EVANGELIZZATORE DEI POVERI

Giuseppe da Leonessa era, come tutti i santi, assai schivo di se stesso, ma in certe occasioni, specie all'inizio e alla fine della sua vita sacerdotale, rivelò alcuni motivi di fondo sui quali sviluppò tutta la sua esistenza e attività. Infatti, poco prima di essere ordinato sacerdote, nel 1580, scrisse a Perugia di proprio pugno, in latino, un'orazione programmatica nella quale c'è tutto il futuro santo: l'amore di Dio e del prossimo che lo fa anelare al martirio, l'umile sottomissione alla santa madre Chiesa, filiale affidamento alla Vergine Maria, singolare devozione all'angelo custode, ai santi angeli e al serafico padre san Francesco. Trentadue anni più tardi, poco prima di morire, scrisse tre lunghe lettere per riaffermare la sua fedeltà all'insegnamento della Chiesa, perché "solo questa dottrina gli garantiva la sicurezza di salvarsi nella vera fede". In questa fede della Chiesa egli praticò e visse con decisione l'opzione fondamentale del Vangelo di Gesù: "Evangelizzare i poveri". È questo lo sfondo reale e ideale sul quale si colloca tutta la sua biografia.

Nato a Leonessa nell'Alta Sabina (Rieti) l'8 gennaio 1556 da Giovanni Desideri e Serafina Paolini, Eufranio (così si chiamava), rimasto orfano a 12 anni, fu avviato da uno zio agli studi umanistici a Viterbo e poi a Spoleto, dove maturò la sua vocazione religiosa e, scansando un partito di nobile maritaggio, furtivamente si ritirò nel conventino delle "Carcerelle" di Assisi, tra i cappuccini, emettendovi, concluso l'anno di noviziato, la professione religiosa l'8 gennaio 1573. A nulla valsero, contro il suo temperamento forte e volitivo, i tentativi dei parenti per riportarlo a casa.
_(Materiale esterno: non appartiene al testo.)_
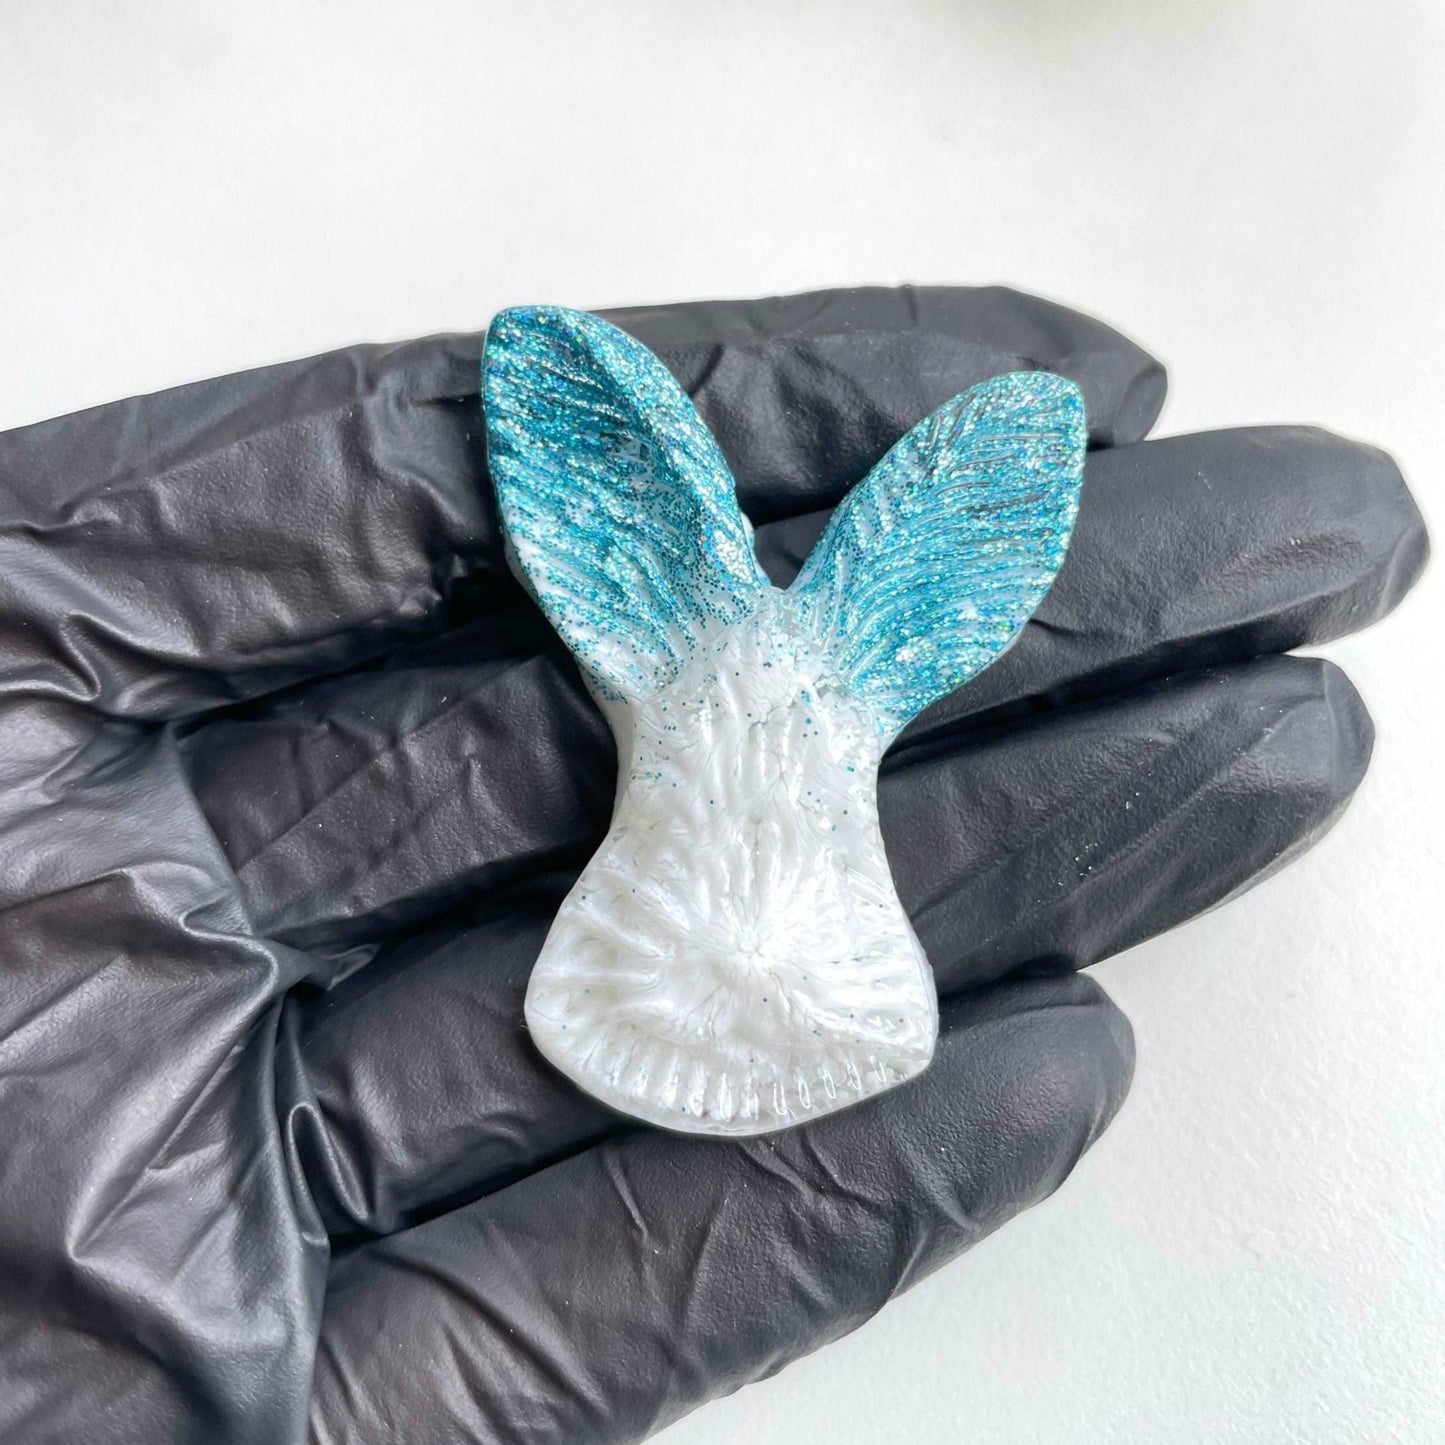 3 Set Bunny rabbit figurine Silicone Mold. Silicone bunny resin art figurine epoxy form miniature bunny clay art rabbit figurine silicone

Avviato agli studi, manifestò una viva attenzione per la cultura, in funzione di un apostolato serio e illuminato.

Amò la dottrina di san Bonaventura, seguendo l'indirizzo cappuccino allora prevalente che vedeva in essa una armoniosa sintesi tra spiritualità contemplativa e slancio apostolico. Sunteggiò, tra l'altro, un'opera intitolata "Monarchia", in cui era evidente l'influsso delle operette del Dottore serafico "Itinerarium mentis in Deum" e "De reductione artium ad theologiam". Si preparò all'apostolato con un serio studio della teologia, della sacra Scrittura e della morale, attento alle esigenze della restaurazione religiosa postridentina. Ordinato sacerdote ad Amelia il 24 settembre 1580, continuò la sua preparazione nel convento di Lugnano in Teverina.
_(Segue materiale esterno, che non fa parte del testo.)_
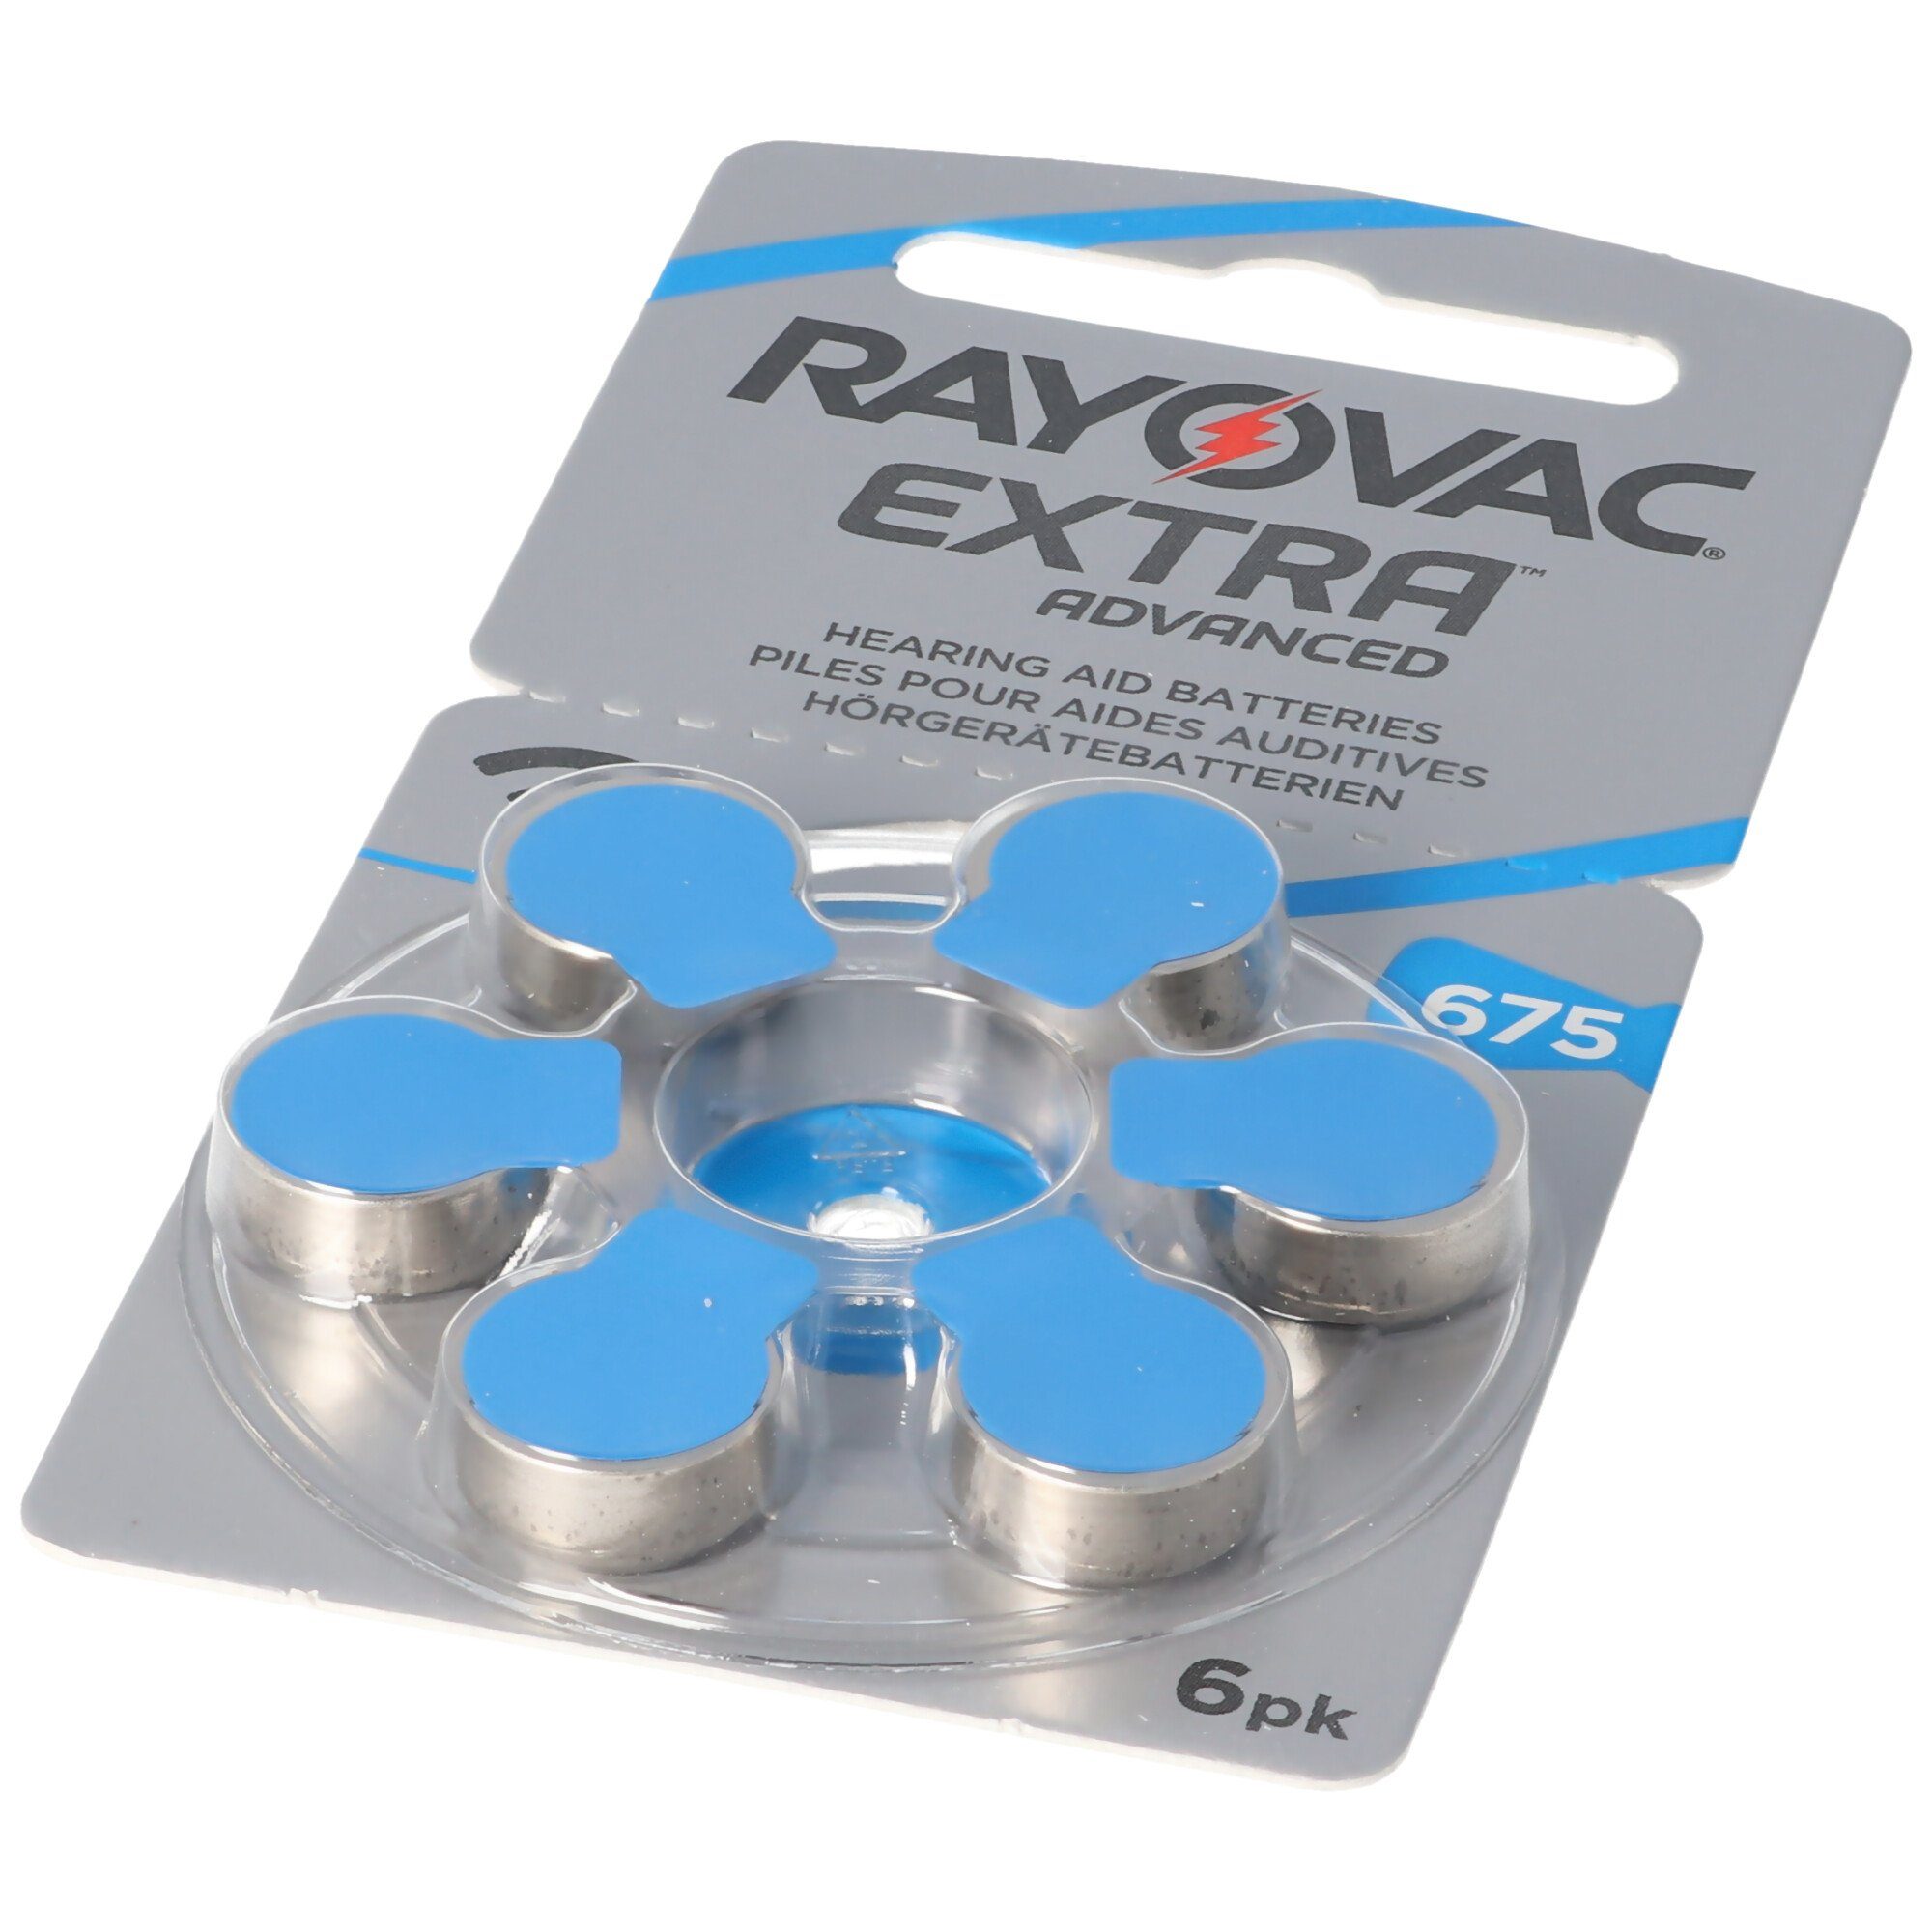 (1,4 Rayovac Extra Batterie, HA675, 4600, Hörgerätebatterie Advanced Acoustic PR44, V) RAYOVAC

Pur sentendosi fortemente attratto dalla solitudine contemplativa, superò il dilemma azione-contemplazione come san Francesco. In un suo appunto infatti lasciò scritto: "Colui che ama la vita di contemplazione, ha un grave dovere di uscire nel mondo a predicare, soprattutto quando le idee del mondo sono molto confuse e sulla terra abbonda l'iniquità. Sarebbe iniquo tenere, contro la carità, ciò che solo per carità è stato istituito e donato".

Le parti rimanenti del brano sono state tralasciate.